Comment by cpgxiii
3 days ago
The design of WSL(1) makes more sense when you think of its original design goal of being a compatibility layer for Android apps. Android is "a Linux", but it is (1) a relatively unique one, and (2) everything between the Android kernel and Android apps really isolates the application layer from kernel-level details. Given this separation, it makes a lot of sense to leverage the existing NT flexibility and emulate a Linux kernel at the syscall layer. Sure, you'll have to patch some parts of the WSL(1) Android system components, but MS was already going to have to do that to work around Google-only components. In many ways, this route is no more complex than what Blackberry did to run Android apps atop their QNX-based OS.
But once you give up the specialization for Android and want WSL to be a "real Linux" (i.e. behave like a specific Ubuntu/Fedora/etc distribution) now you no longer can get away with being Linux-like, you have to be Linux (i.e. you need the syscall layer to directly mirror all kernel development and features). It's actually fairly impressive how much worked with WSL(1) given how different the internals were, but you didn't have to go that far to find tools/services/etc that just wouldn't work.
Instead, once you consider how long MS had been working on Hyper-V, and how interested they are in using it to apply additional security boundaries/isolation (e.g. VBS) within what outwardly appears to be a single Windows OS instance to the user, it makes a lot of sense to leverage that same approach to just run a real Linux kernel atop Hyper-V. In that world, you no longer have to match Linux kernel development, you just need to develop/maintain the kernel drivers used to interact with Hyper-V - and MS already had a lot of experience and need to do that given how much of Azure is running Linux VMs.

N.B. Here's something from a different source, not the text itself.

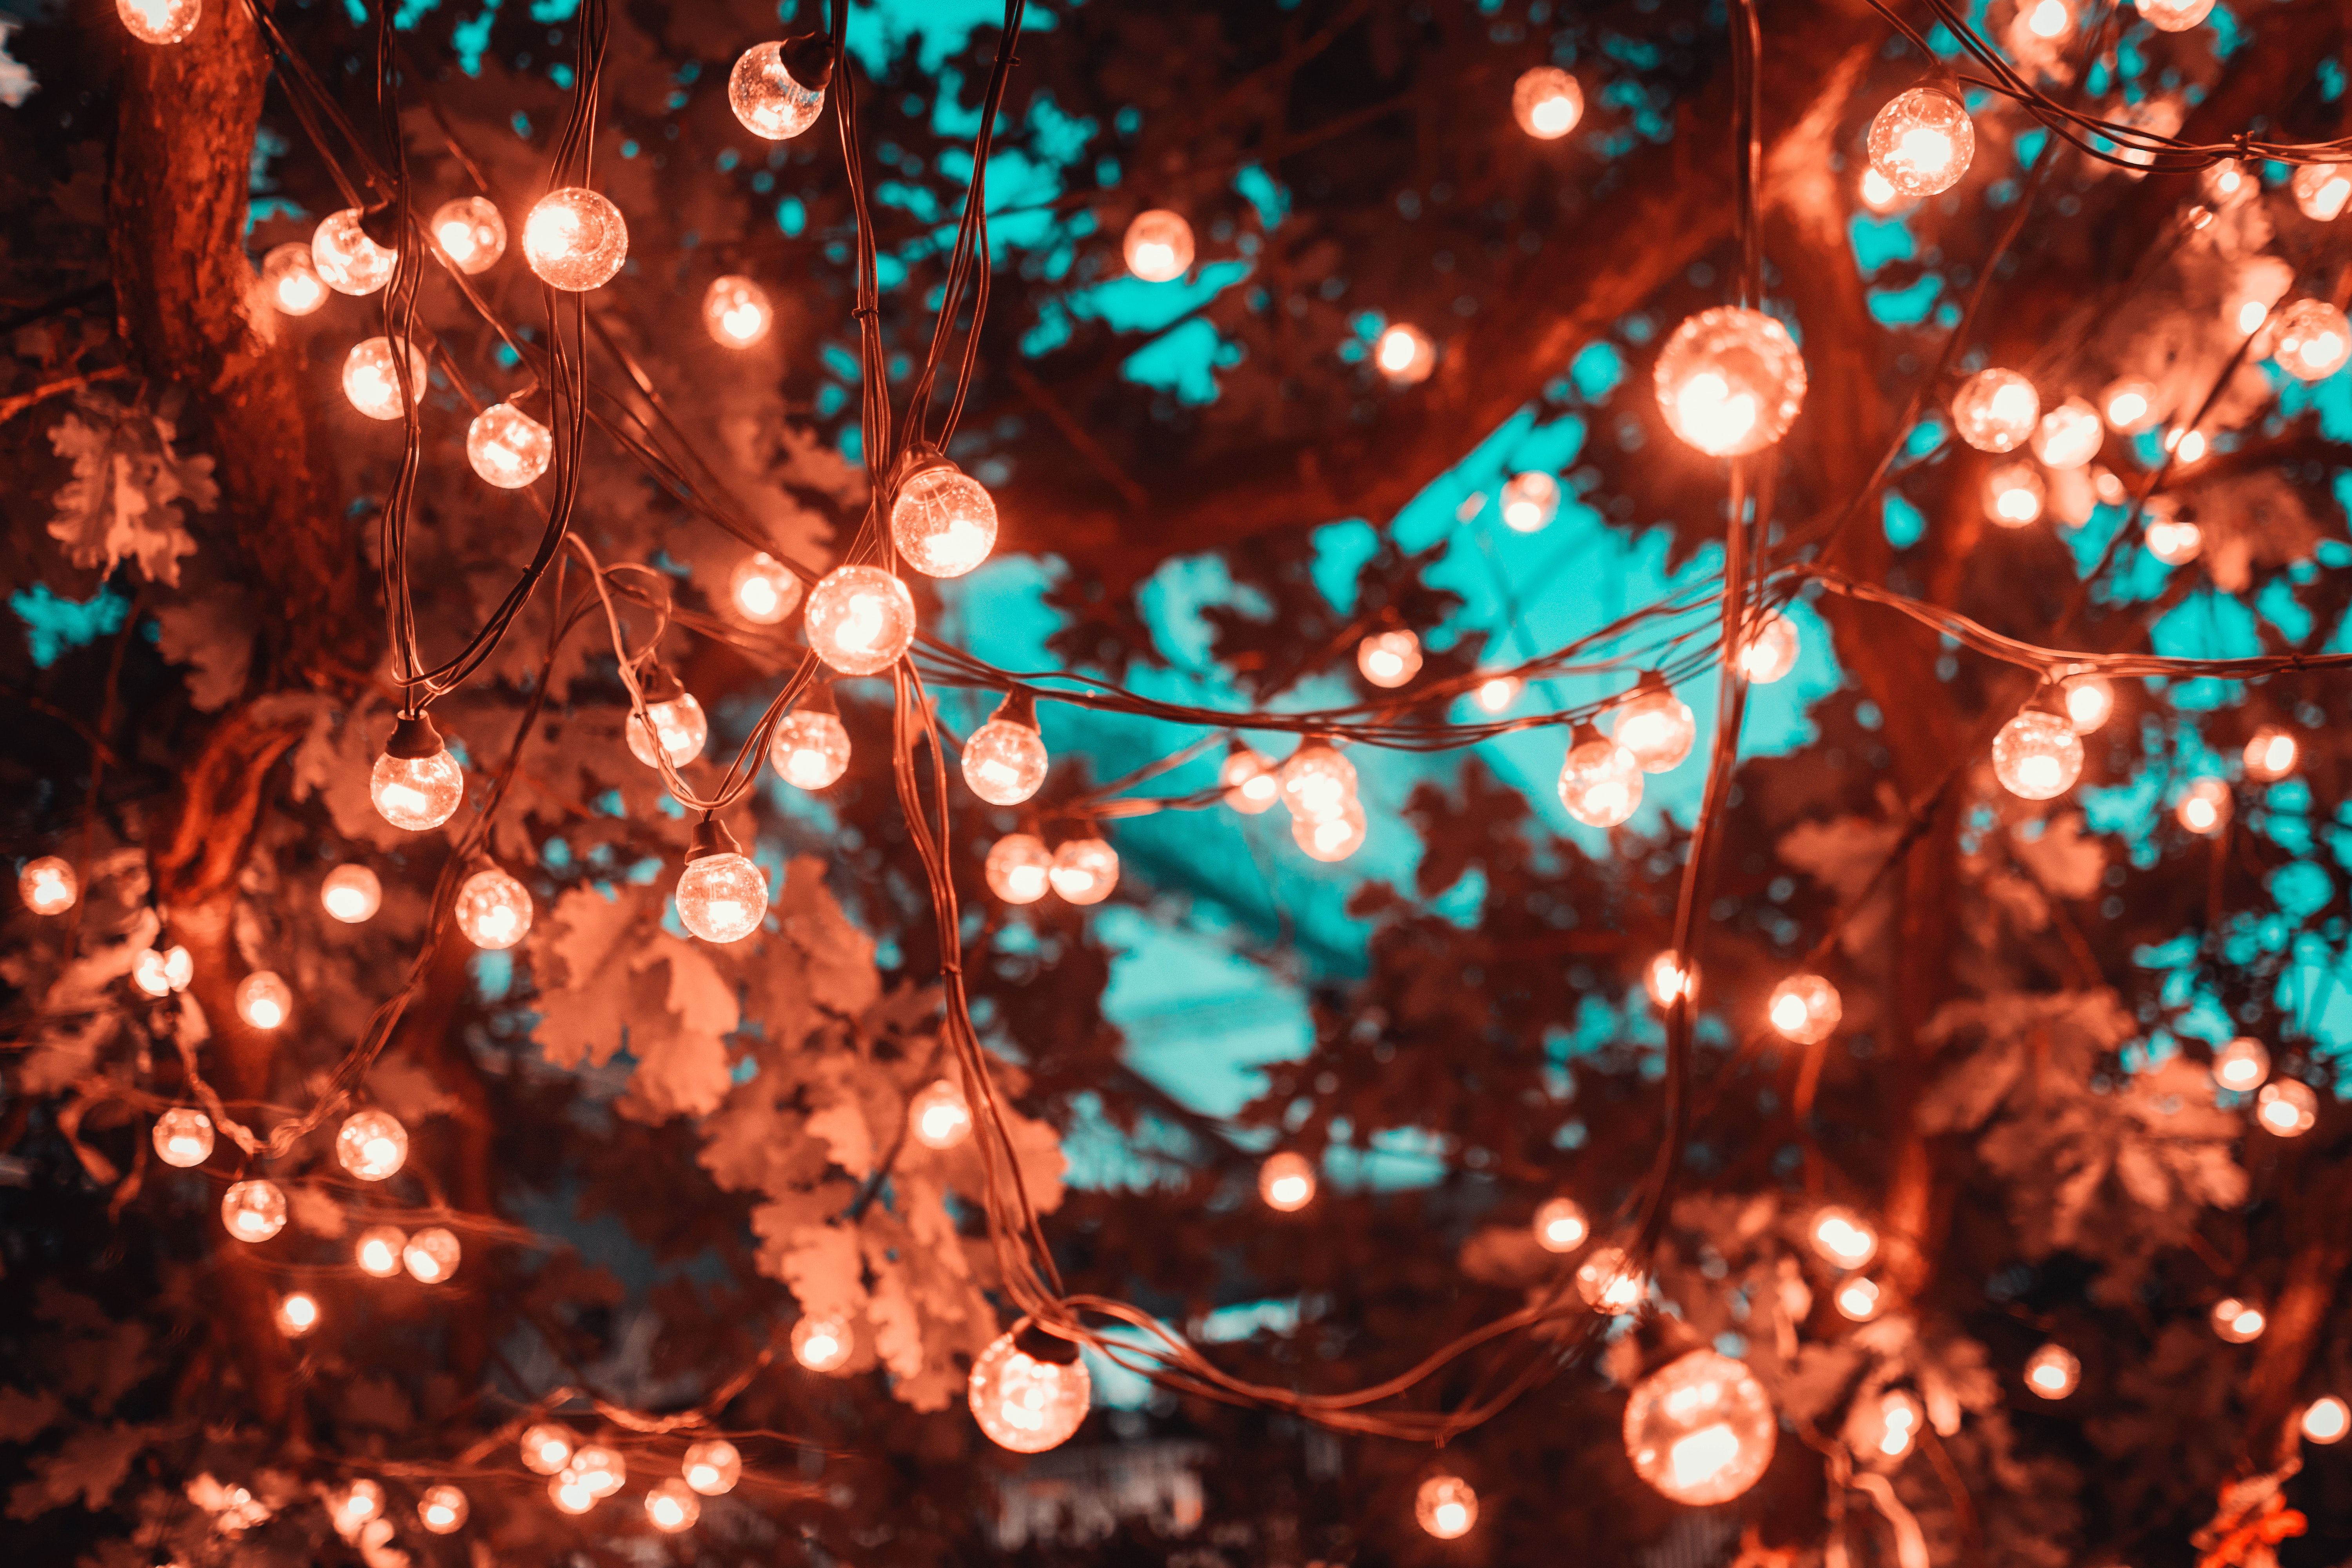 A tree with lights hanging from it - Christmas lights

IO on many little files is dramatically faster in Linux on ext4 vs Windows thanks to NTFS' journaling overhead. So if you're doing development, you really want to do it inside wsl2.
I think it's more complicated just than NTFS's design.
In my original comment I said that the difference is the Linux VFS for a reason. The slow part in NT is when you go from a filename to a handle. Doing things like caching lookups by name is, IIRC, the responsibility of the individual drivers. Linux does better at this by having a heavily optimized layer sitting between the filesystem driver and the caller. Doing tons of open(2)s is faster on Linux because of the overall kernel design.
Use a ReFS drive,
https://learn.microsoft.com/en-us/windows/dev-drive/
Journaling isn't the issue, small files go into the $MFT which is the fast-path. The issue is the file system filter overhead.